Adams was also a painter and exhibiting member of the Ipswich Fine Art Club. He exhibited in 1886 a watercolour painting called 'Old Windmill' and two monochrome sketches: 'St. Martin's church, Cologne' and 'Tomb of Sir Walter Scott'. Later he exhibited at the Royal Academy in 1888.

== Career in architecture ==
In 1888, Adams joined the architectural office of Stephen Salter (1825–1896) at 19 Hanover Square, London. In the same year he won a Drawing Prize of the RIBA in 1888.

In 1897 he won the Donaldson Medal (for Architecture) and Godwin Bursary (established by George Godwin).

1913 Adams took over Stephen Salter's architectural practice.

Charles Holden, (originally his assistant in 1899 and then later his Chief designer) and Lionel Pearson (1879–1953, who had attended Liverpool University School of Architecture), both joined the practice in 1904. The practice then changed its name to Adams, Holden, and Pearson.

==Major works==
- 1897–98 South wing of Bedford General Hospital, with a separate ward designed specifically for children, known as the 'Victoria Ward'
- 1898 – Staircase Hall, Madresfield Court Worcestershire
- 1900–1905 Chapel at Royal Victoria Infirmary, Newcastle upon Tyne.
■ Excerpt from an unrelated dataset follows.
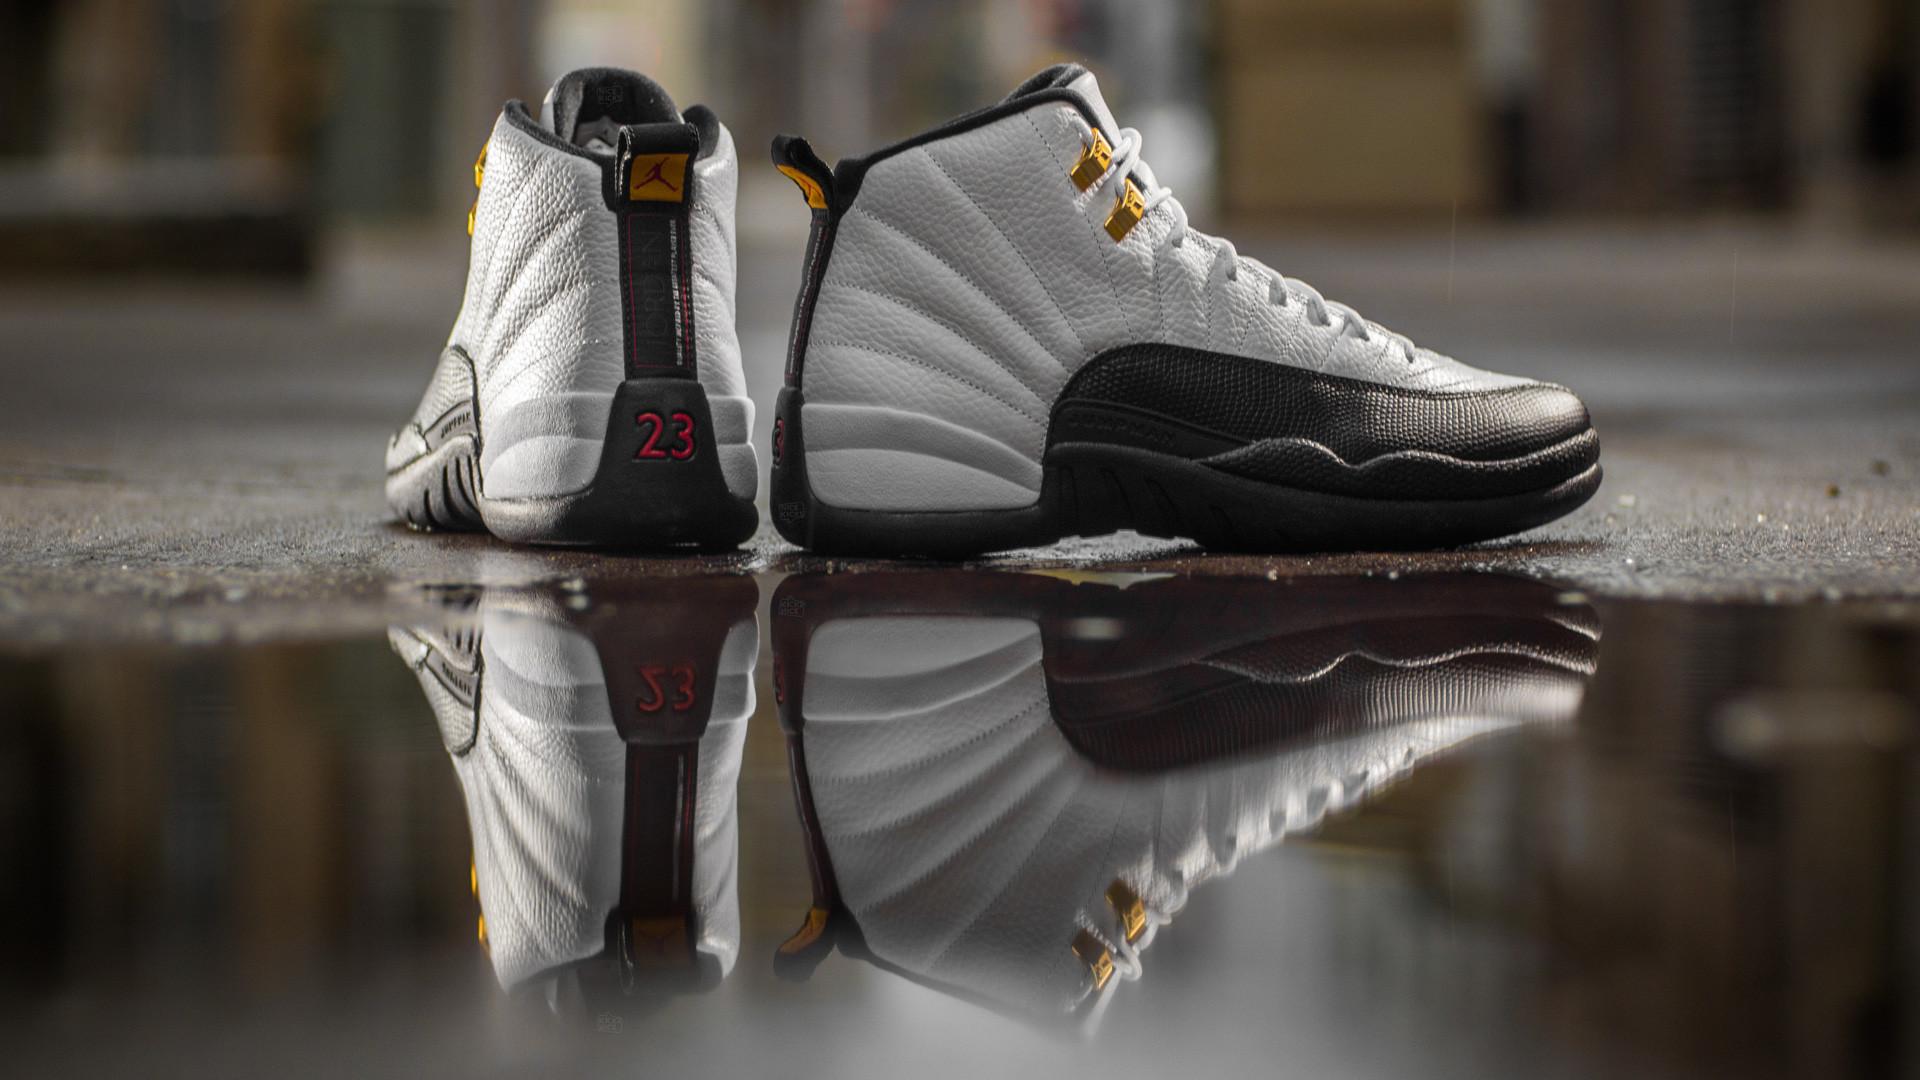 jordan shoes wallpaper,footwear,white,shoe,athletic shoe,sneakers

Co-designed with W. L. Newcombe.
- 1900 – Dorking New Infirmary in Surrey
- 1901 – The Royal Victoria Infirmary, Newcastle upon Tyne
- 1901 – Unsuccessful competition design entry for Royal Infirmary, Glasgow
- 1903 – General Hospital, Tunbridge Wells, Kent
- 1903 – King Edward VII Sanatorium, near Midhurst, West Sussex (mainly designed by partner Holden; closed in 2006, converted into apartments)
- 1903 – Bedford County Hospital, Bedfordshire
- 1904 – Beyoğlu British Seamen's Hospital, Istanbul, initially founded during the Crimean War by the British Foreign Office. It has a tower that provides a clear sightline of any incoming ships
- 1906 – Woman's Hospital in Soho, London
- 1907/1908 Unsuccessfully bid for the County Hall, London design
- 1909 – House Semon (now known as 'Rignall's Wood'), Great Missenden, Buckinghamshire for Gertrude Jekyll
- 1910 – Bristol Royal Infirmary New Ward & Pavilions, Gloucestershire (with Charles Holden)
- 1910 – Savoy Place, before the (Institution of Electrical Engineers) (IEE) moved in, alterations to the building were carried out by H Percy Adams and Charles Holden. This included renovation of the entrance hall, the lecture theatre and the creation of a library from the long room on the first floor

==Personal life==
On 22 May 1890, he married Cicillia Clara Staddon (1865–1891) in Ipswich, Suffolk. In 1891 their son was born, his wife died after giving birth.

In 1896 Henry married Alice Mildred Mathieson (aunt of Sir Frederick Ashton). They had two sons and a daughter.

Adams died on 7 April 1930 at Westminster Hospital in London, aged 64.